_What is expected_. Set down precisely the lines from the line with "持ってる深さ動的sharprepublic メンズ用 髭剃り" through the end of the material, inclusive, and no pictures.

_Data shown_.
=== Section Start ===
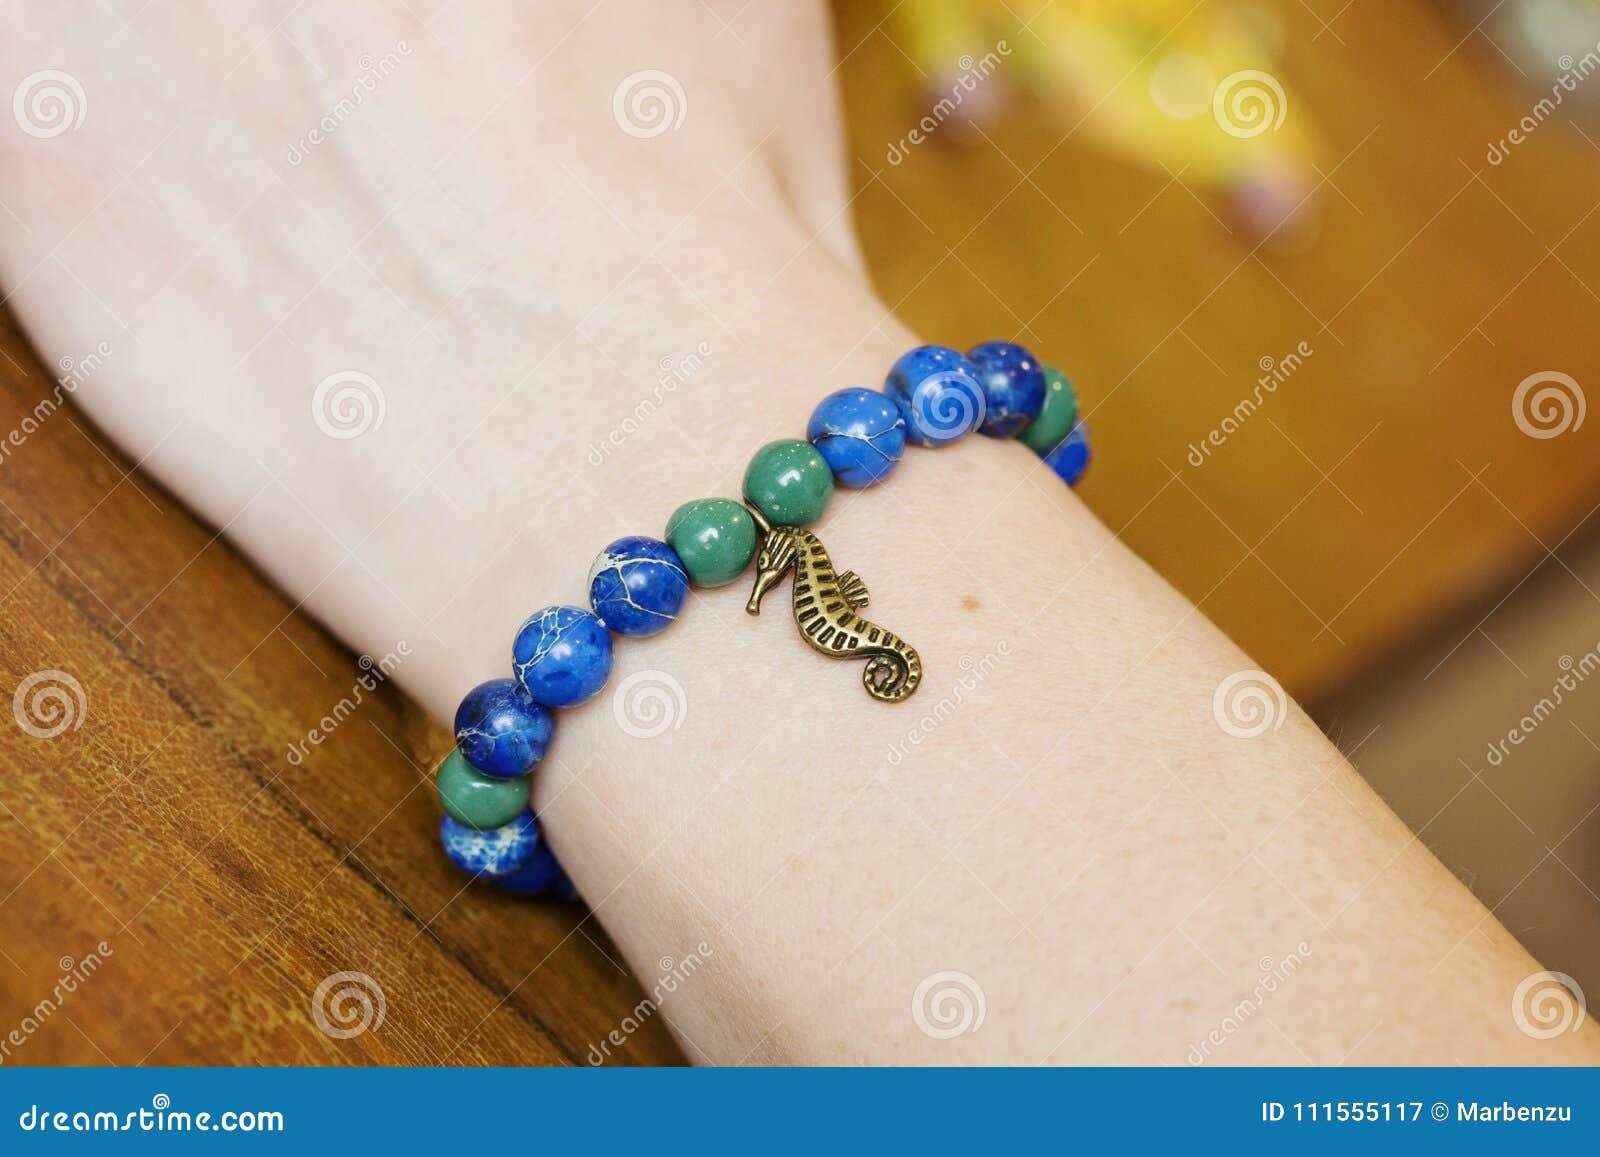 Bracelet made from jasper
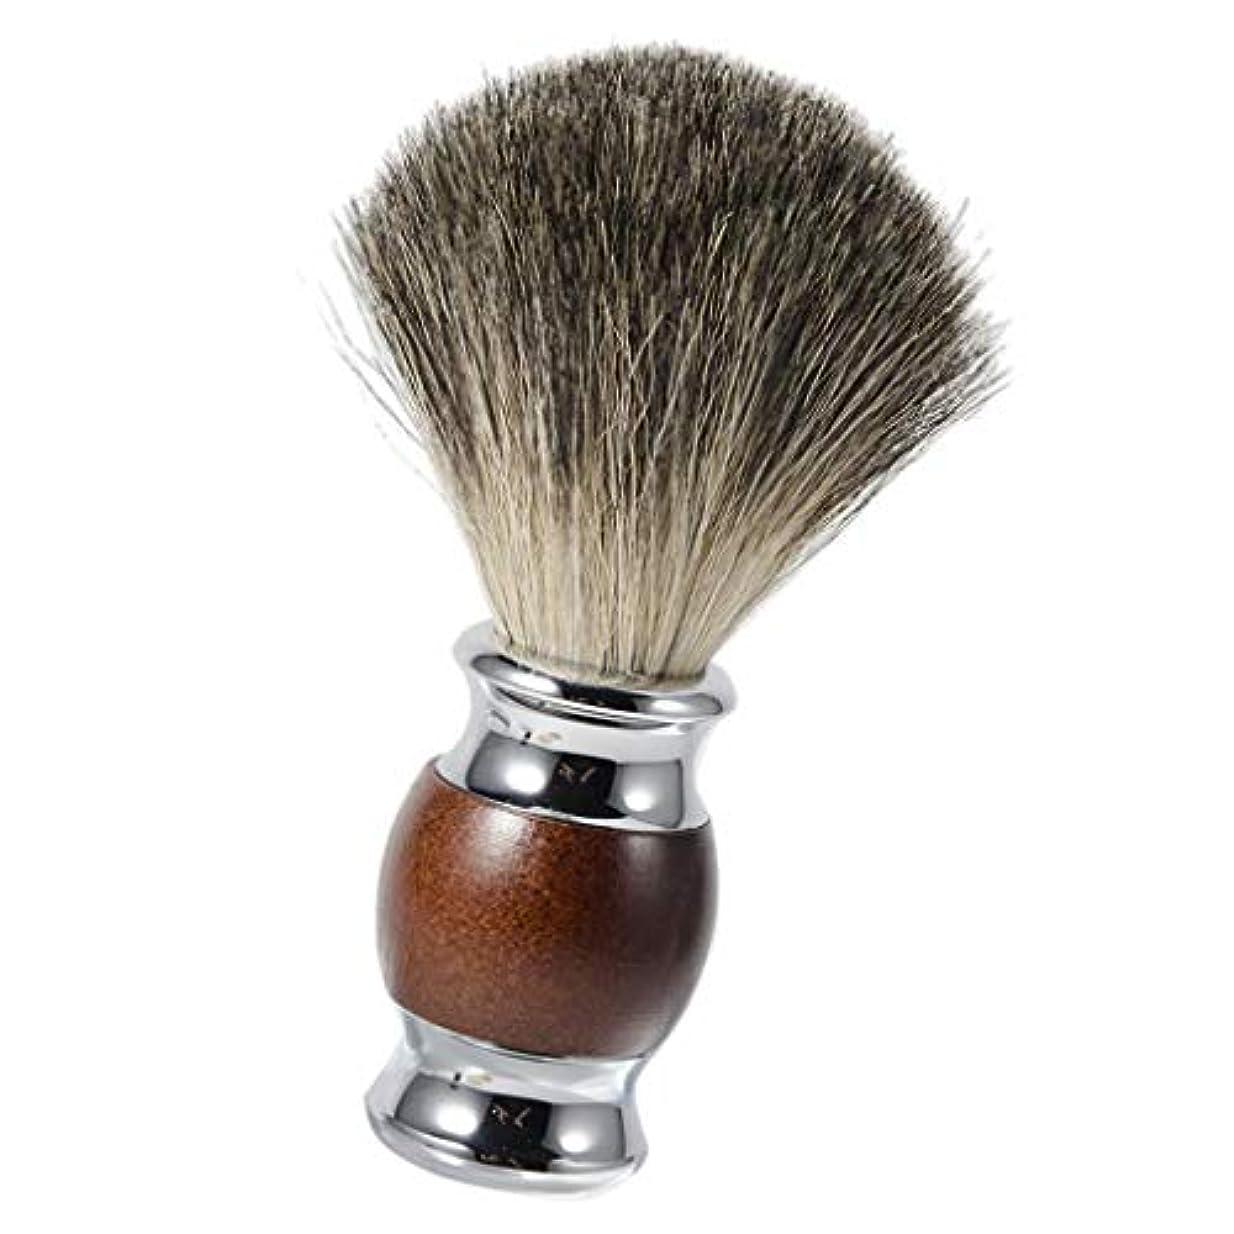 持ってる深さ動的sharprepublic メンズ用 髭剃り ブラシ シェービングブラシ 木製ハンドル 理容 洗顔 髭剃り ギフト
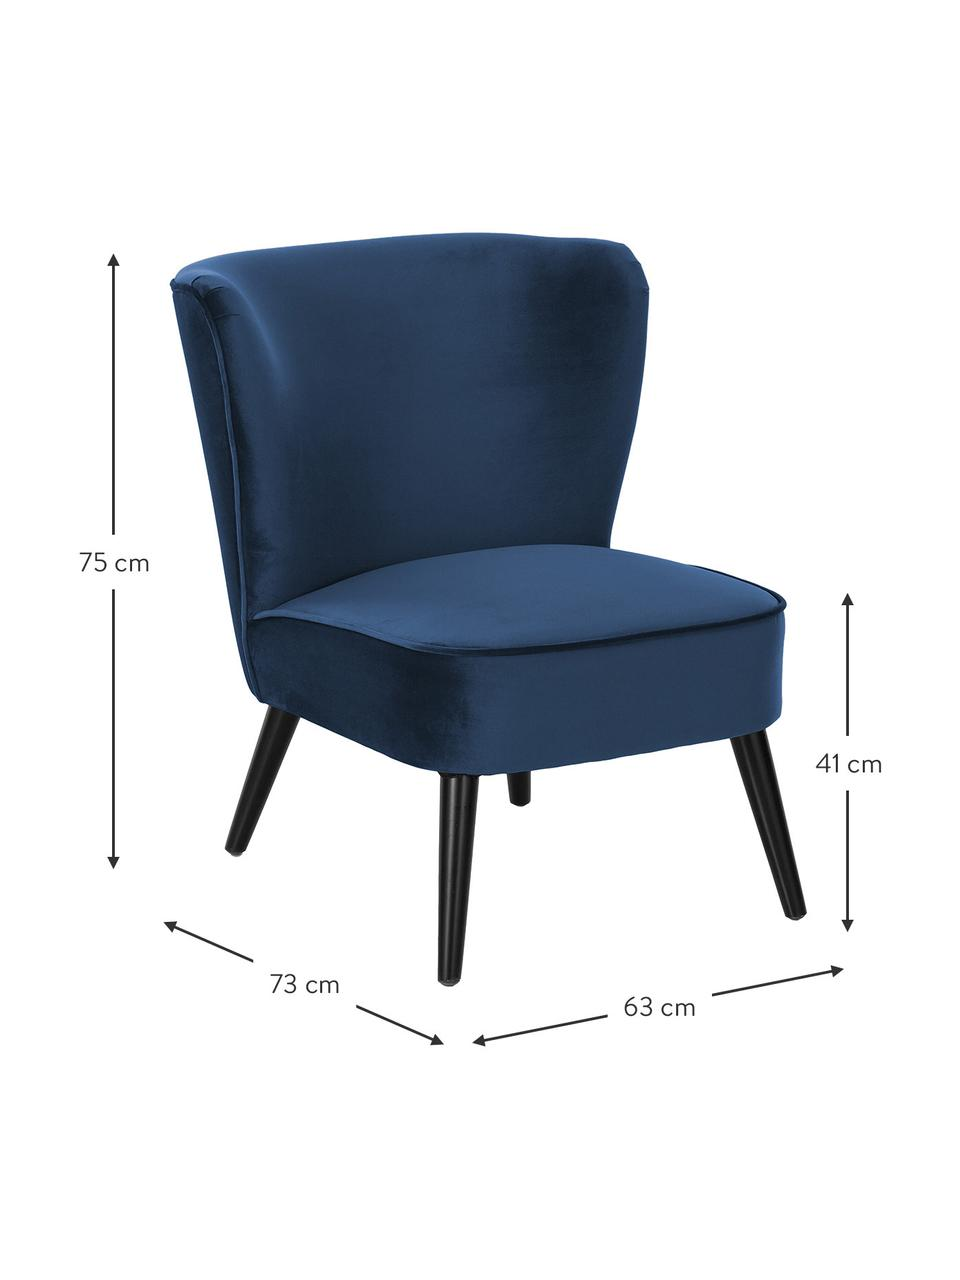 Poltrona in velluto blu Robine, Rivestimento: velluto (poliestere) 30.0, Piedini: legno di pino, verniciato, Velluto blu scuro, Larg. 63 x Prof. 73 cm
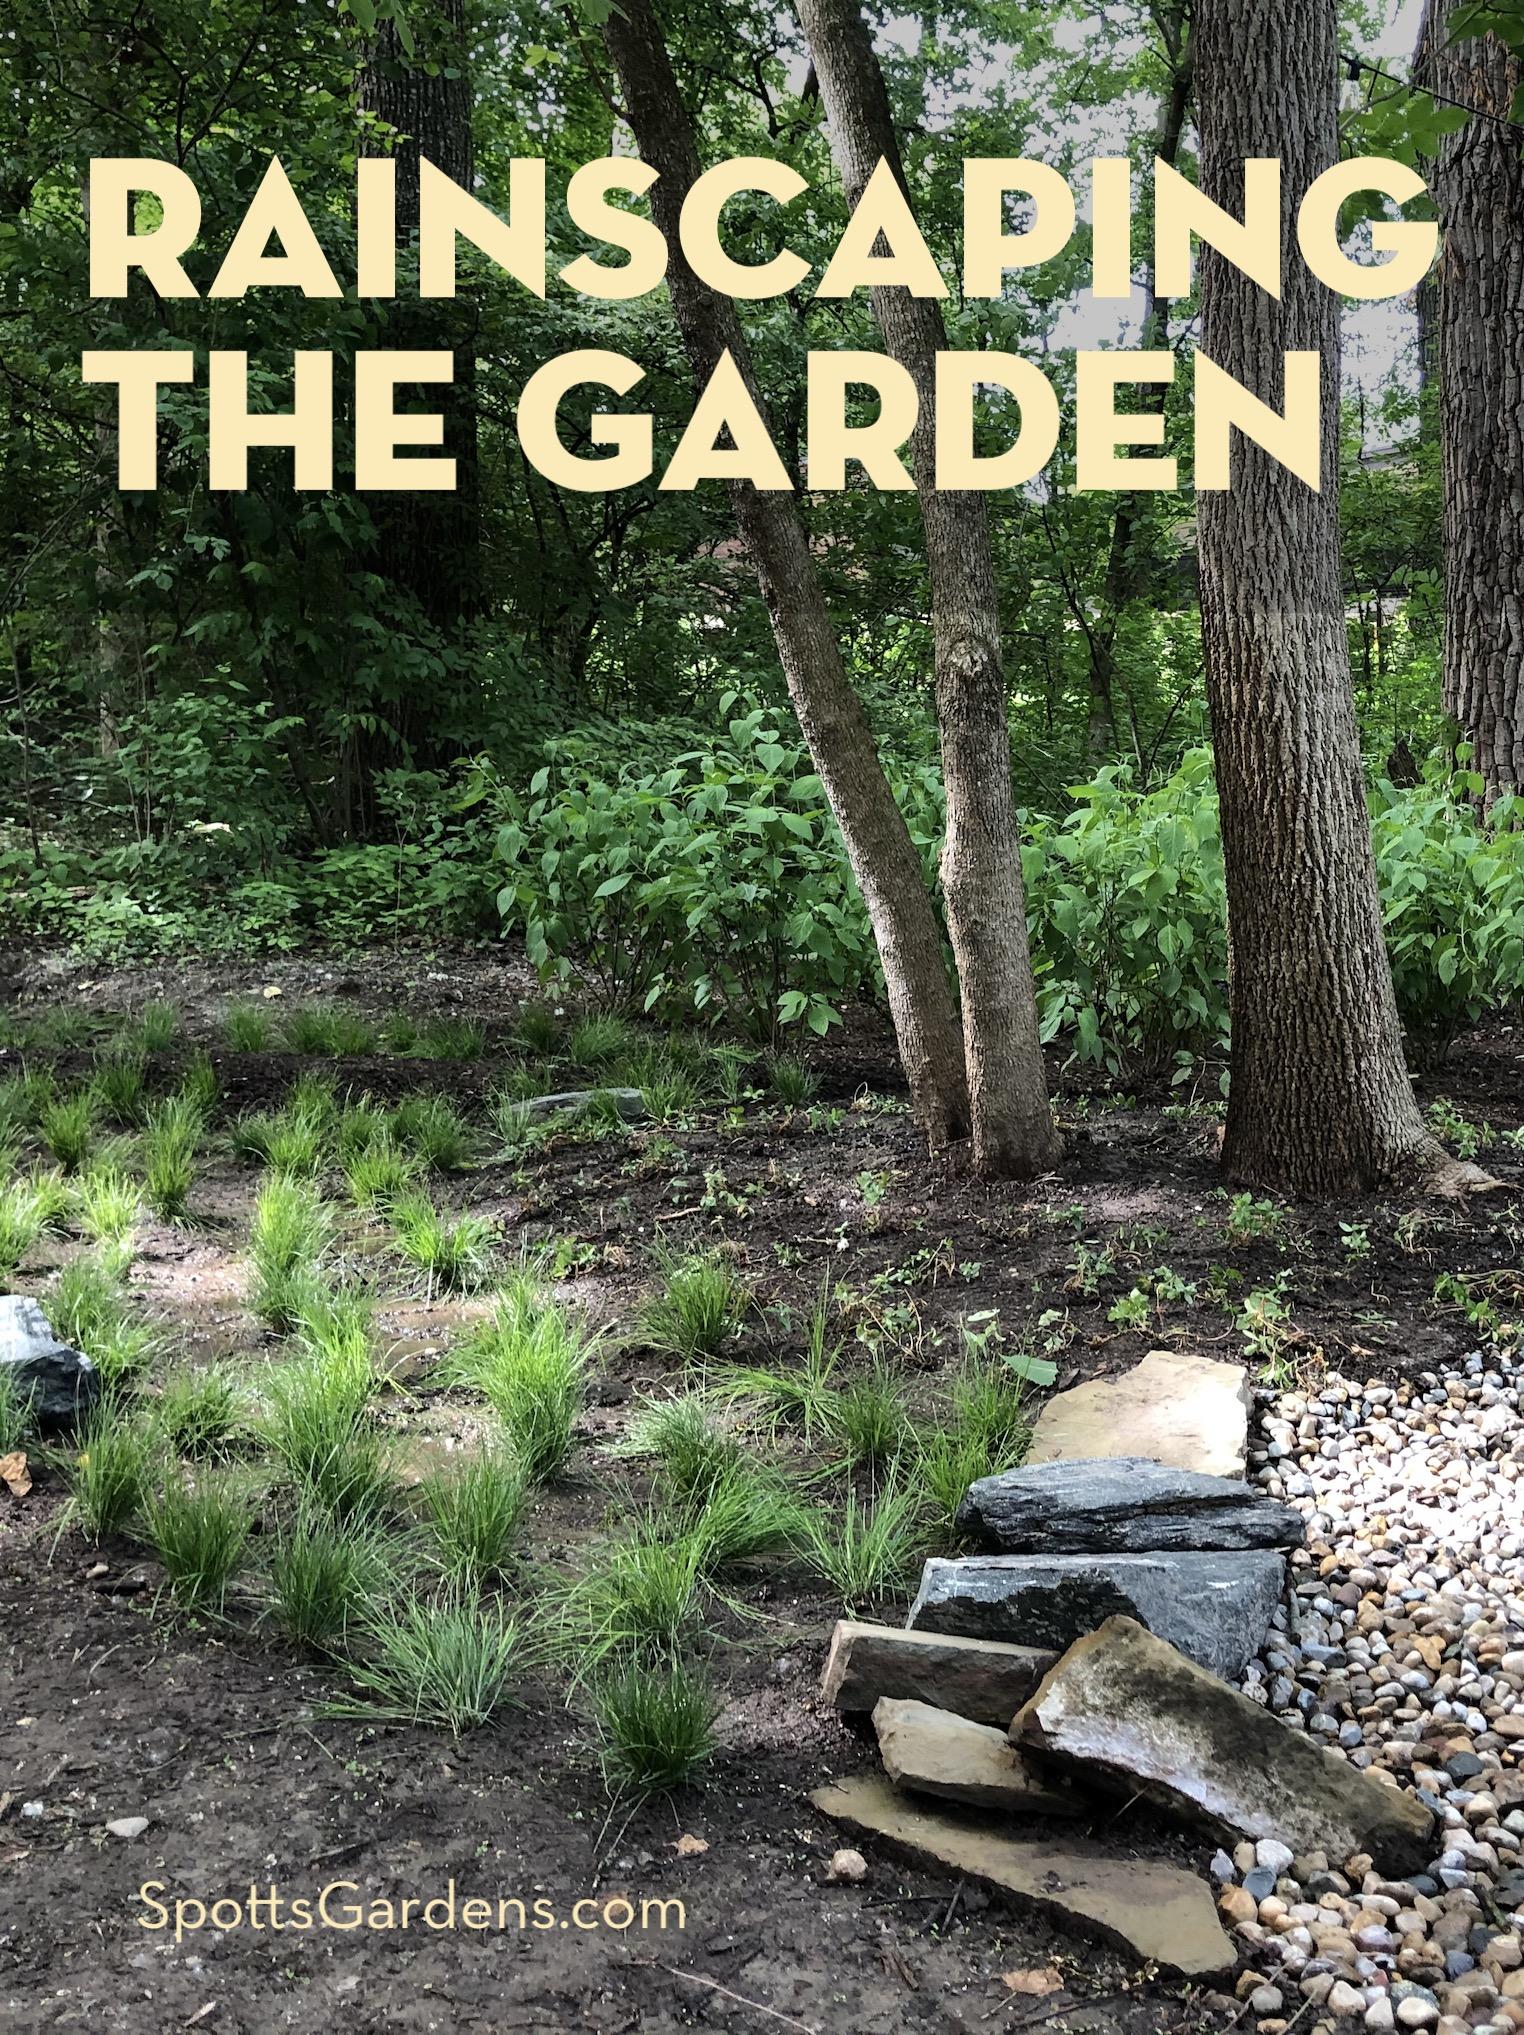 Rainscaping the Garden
=== Section End ===
_Answer section_.
 持ってる深さ動的sharprepublic メンズ用 髭剃り ブラシ シェービングブラシ 木製ハンドル 理容 洗顔 髭剃り ギフト
 Poltrona in velluto blu Robine, Rivestimento: velluto (poliestere) 30.0, Piedini: legno di pino, verniciato, Velluto blu scuro, Larg. 63 x Prof. 73 cm
 Rainscaping the Garden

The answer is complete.